The second outer flange 11 is correspondingly arranged on the right side of the second inner flange 10 and is fixedly connected with the second inner flange 10 through a connecting bolt, and a fourth annular groove 29 is formed in the center of the left side face of the second outer flange 11; the left end of the right straight-through pipeline 23 is fixedly inserted into a mounting hole in the center of the second outer flange plate 11 and coaxially arranged with the second glass column 8, and the right straight-through pipeline 23 is communicated with an axial straight-through light path between the outer side of the right end of the right straight-through pipeline and the second glass column 8; a right blowing hole is formed in the right side of the second outer flange plate 11 on the pipe body of the right straight pipeline 23; the fourth sealing ring 20 is fixedly assembled in the fourth annular groove 29 in an attaching manner, the inner annular surface of the fourth sealing ring is in sealing connection with the left end of the right through pipeline 23, and the left side surface of the fourth sealing ring is in butt fit with the right side surface of the second sealing ring 18; the right blowing pipeline 24 is arranged on the right side of the second outer flange plate 11, and one end of the right blowing pipeline is fixedly connected with the right blowing hole.
Preferably, the second outer flange 11 is made of stainless steel and is fixedly connected with the right through pipeline 23 in a welding manner;
through the straight-through pipeline in the right side its right-hand member outside of intercommunication and the straight-through light path of axial of first glass post to be connected with the right side pipeline of jetting in the one side that is close to the second outside ring flange, can be in the experimentation, convenient through the straight-through pipeline in the right side blow in nitrogen gas in to, and then can avoid the adverse effect that the air in the straight-through pipeline in the right side produced the experimental result, the effectual accuracy nature that promotes the experimental result.

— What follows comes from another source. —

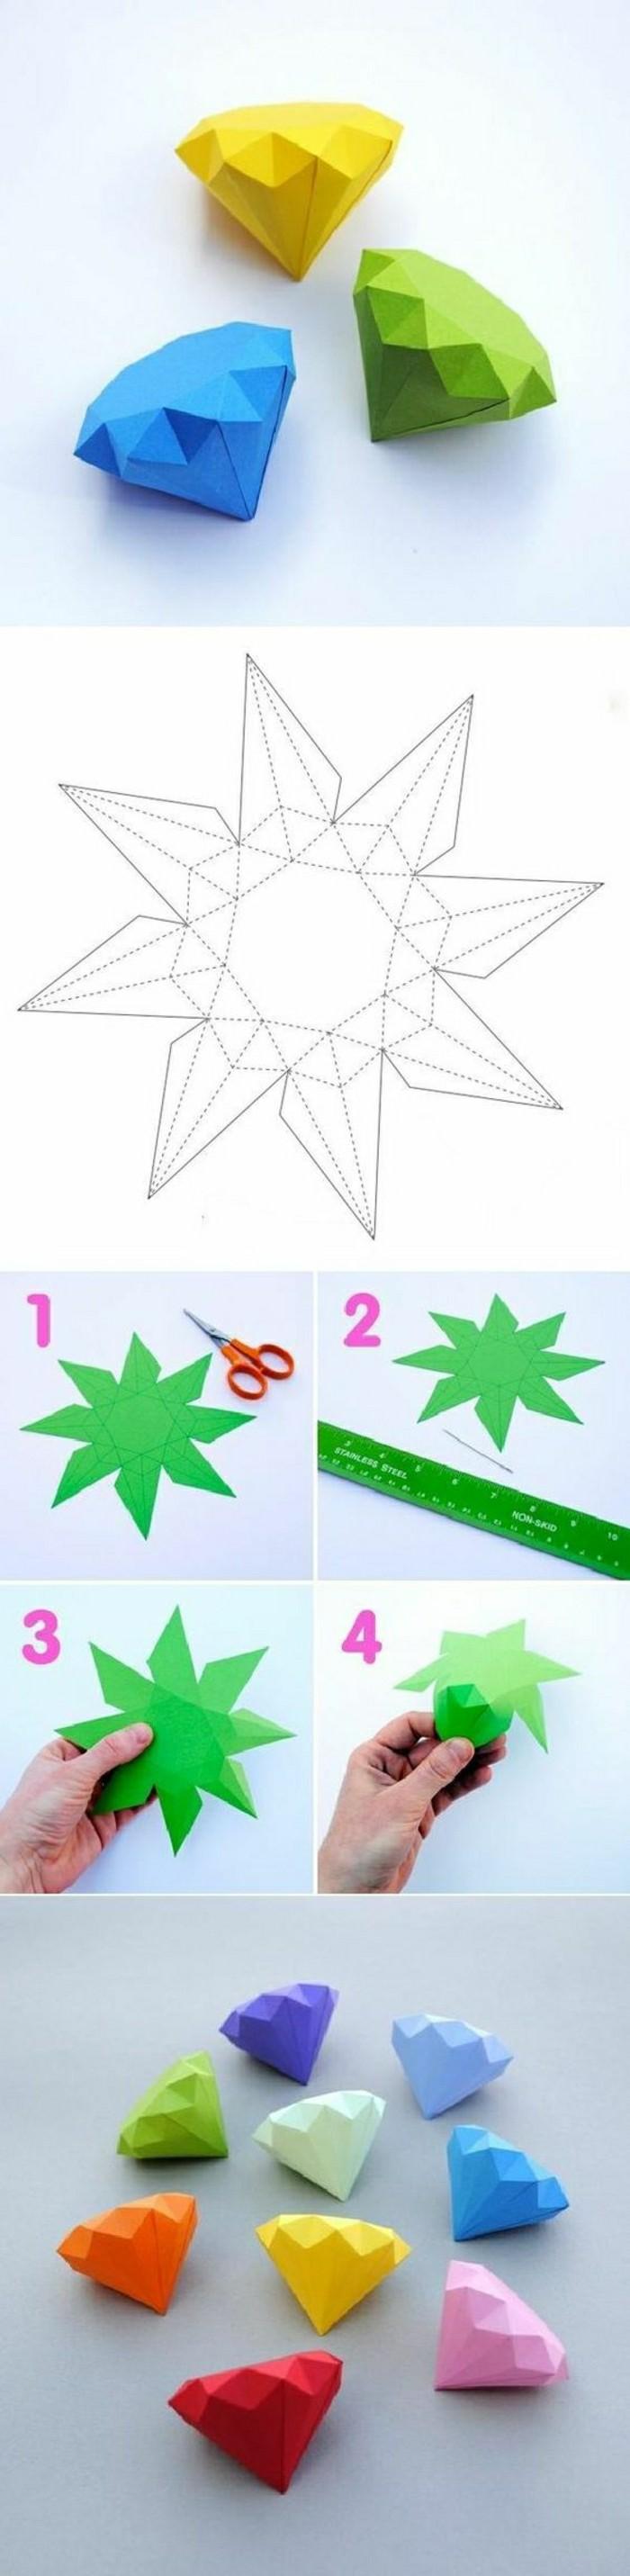 0-comment-faire-un-origamie-facile-modele-origami-facile-en-papier-coloré

In order to effectively reduce the interference effect during transmission, the two end faces of the first glass column 4 and the second glass column 8 are inclined at an angle of 1.5 degrees with the vertical direction.

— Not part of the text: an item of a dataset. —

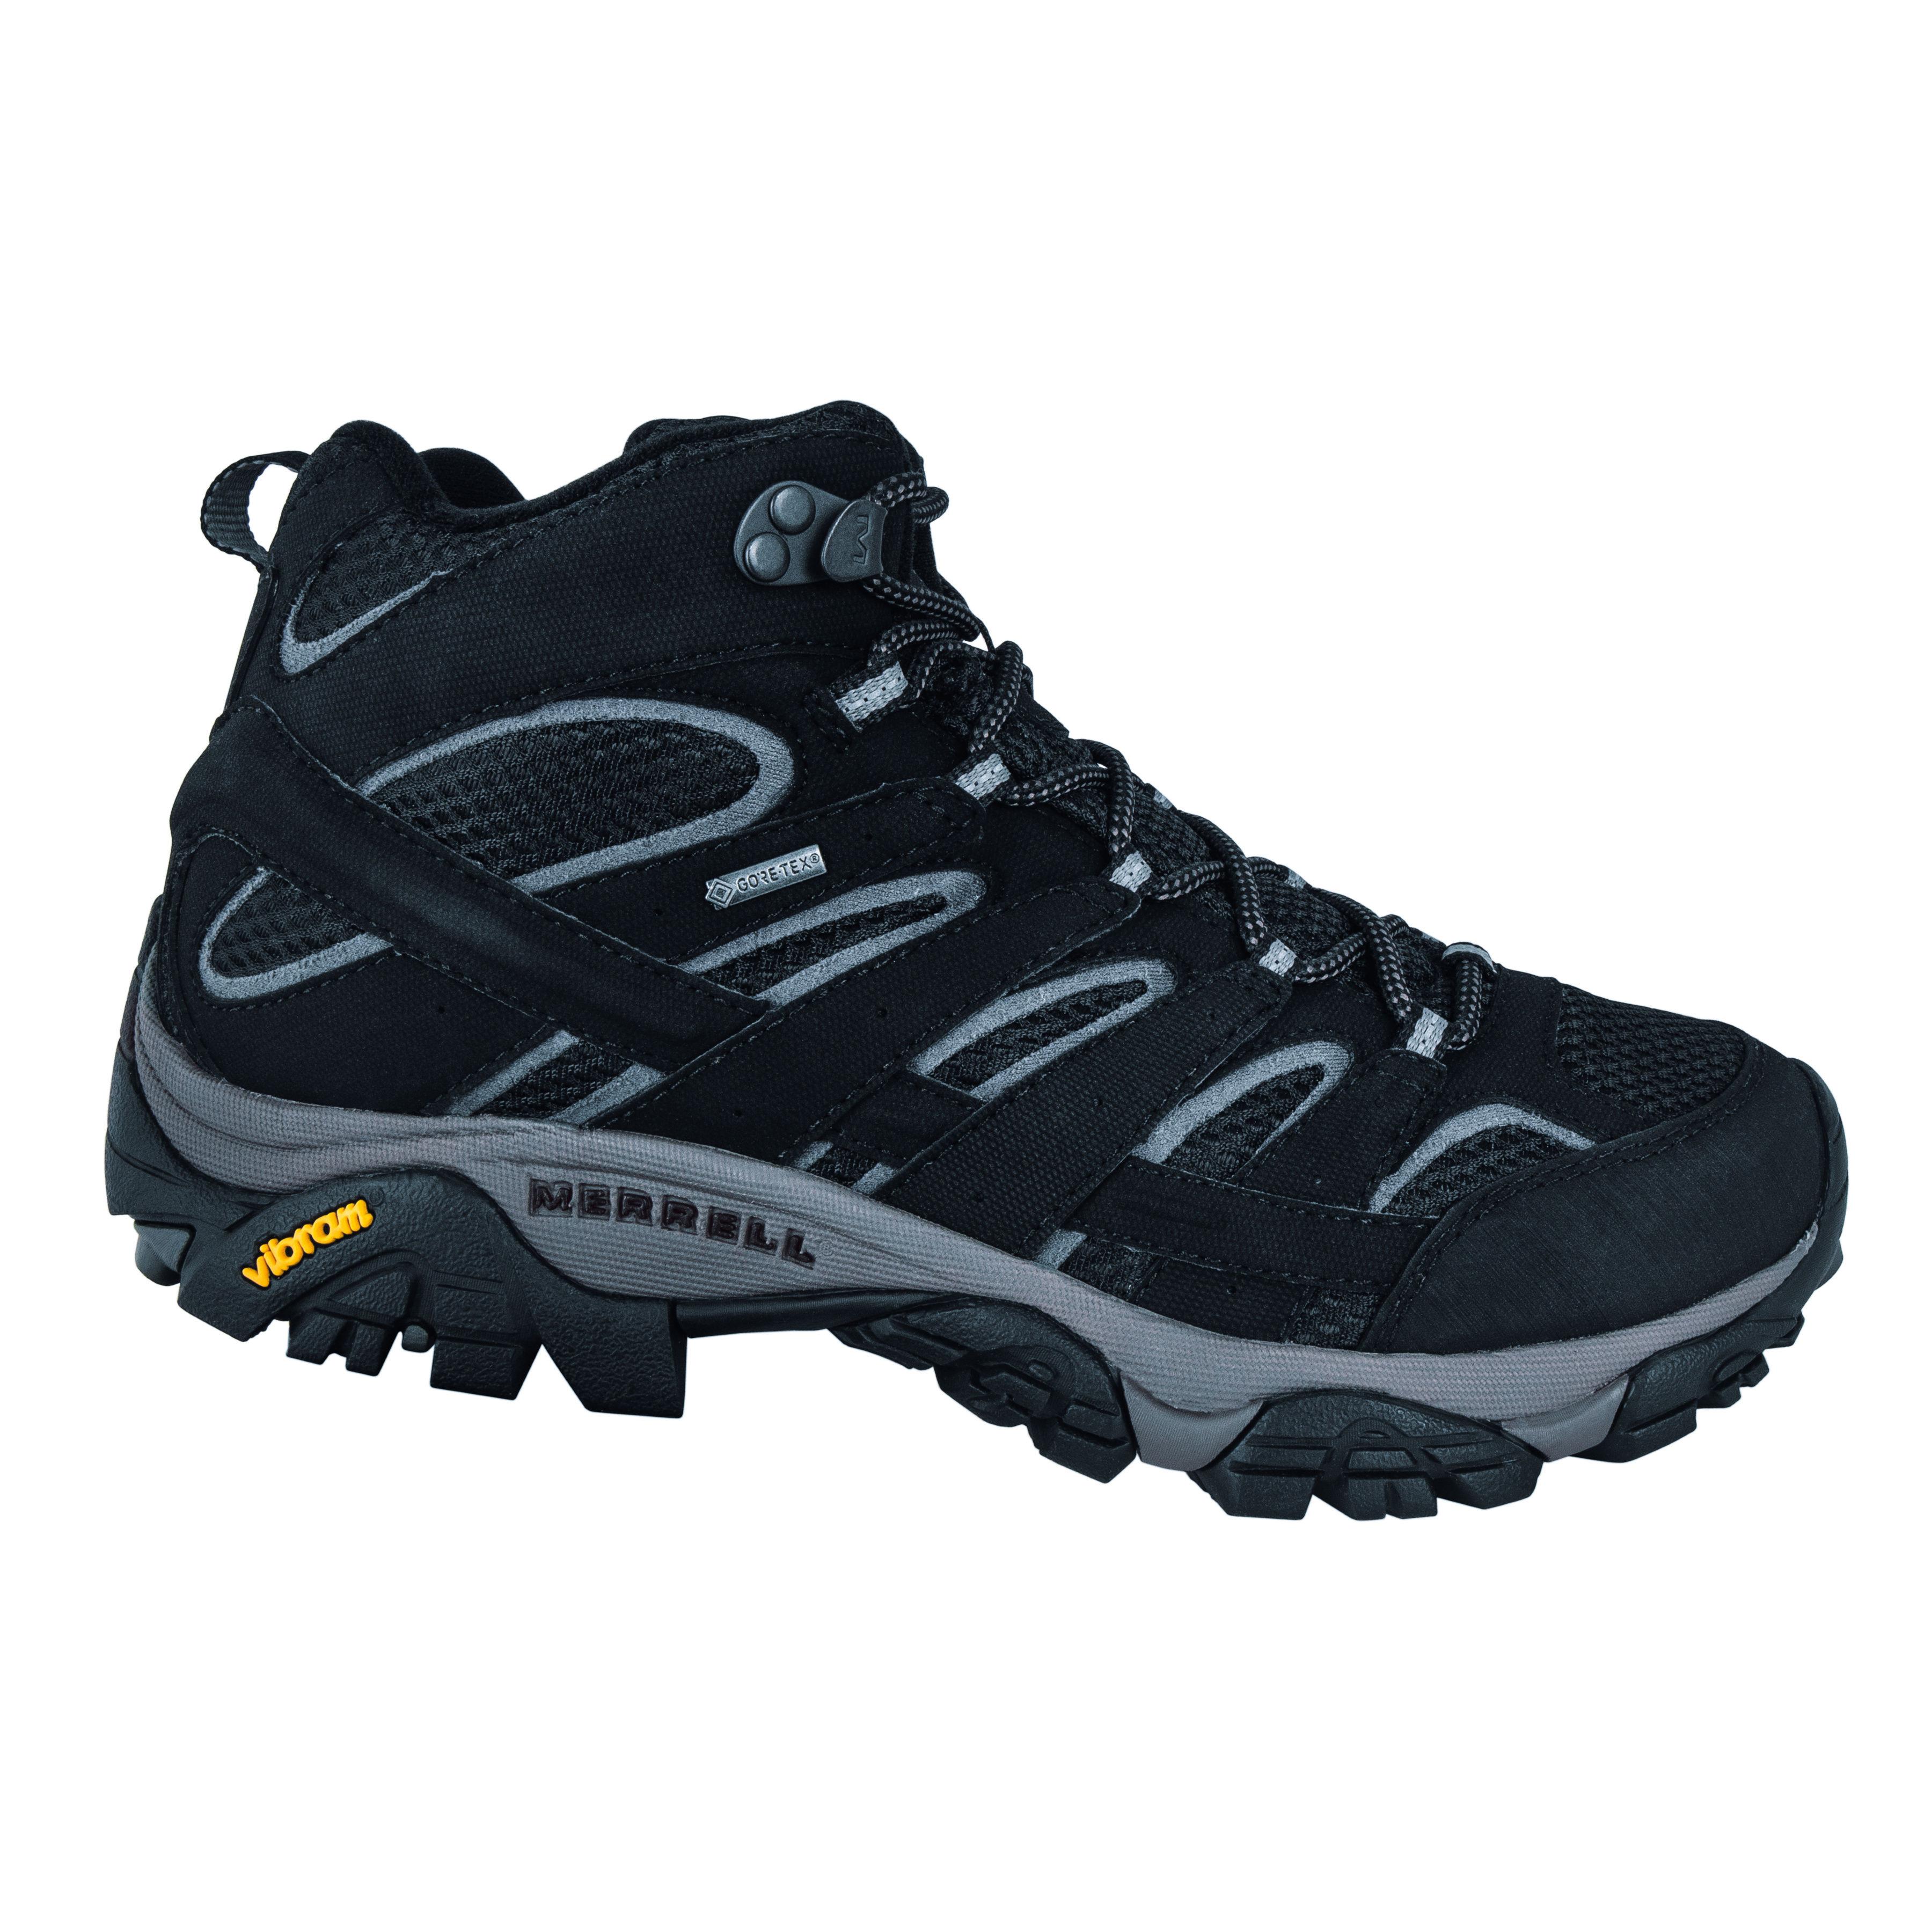 meilleur site web style exquis 100% de qualité Chaussure à lacer Merrell Moab MId GTX hommes noir

In order to monitor the temperature change condition in real time, the temperature monitoring device further comprises at least three temperature sensors, wherein the three temperature sensors are respectively arranged at the left end of the first glass column 4, the middle part of the gas absorption pipeline 6 and the right end of the second glass column 8 and are respectively used for acquiring temperature signals of the tail end of the first glass column 4, the middle part of the gas absorption pipeline 6 and the tail end of the second glass column 8. Preferably, the temperature sensor is a K-type sheathed thermocouple. The K-type armored thermocouple is arranged between the upper gap and the lower gap of the heating furnace body 13 and is orthogonal to the gas absorption pipeline 6, meanwhile, the temperature measurement probe of the K-type armored thermocouple is in contact with the outer wall of the gas absorption pipeline 6, and the wiring terminal of the K-type armored thermocouple is connected with the high-precision digital temperature display instrument. Therefore, temperature can be measured by a plurality of thermocouples simultaneously, and the spatial resolution of the temperature in the axial direction can be improved.

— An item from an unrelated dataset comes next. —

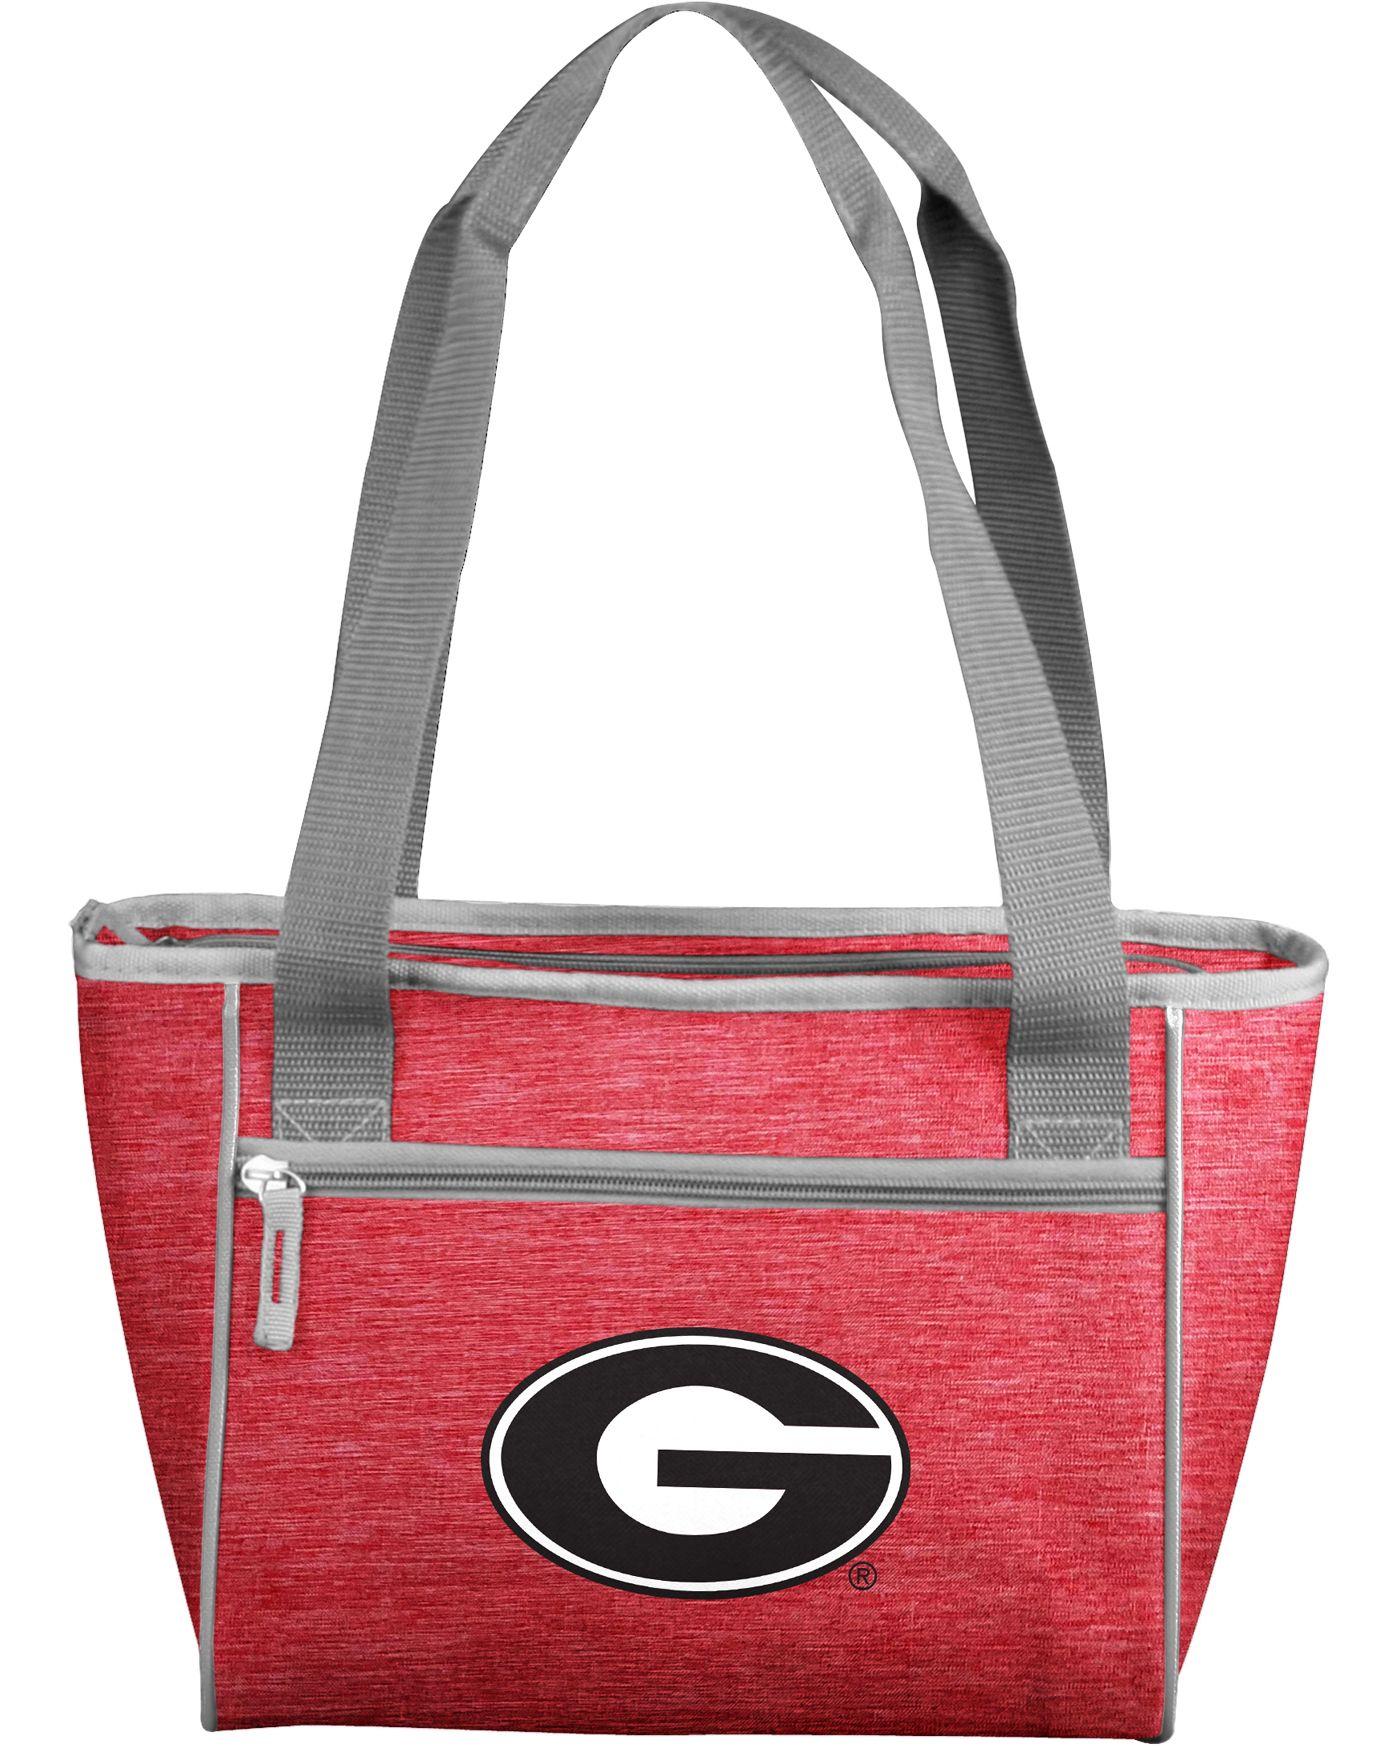 Georgia Bulldogs 16 Can Cooler

Preferably, the first half-furnace 5 and the second half-furnace 12 are made of high temperature resistant fiber materials. When the gas absorption pipeline is used for heating a gas sample, the heating furnace body is required to provide enough heat to reach the expected temperature, and free diffusion of the heat is also prevented, so that the material of the heating furnace body has a good heat insulation effect, and the heat insulation effect can be effectively guaranteed by adopting a high-temperature fiber material.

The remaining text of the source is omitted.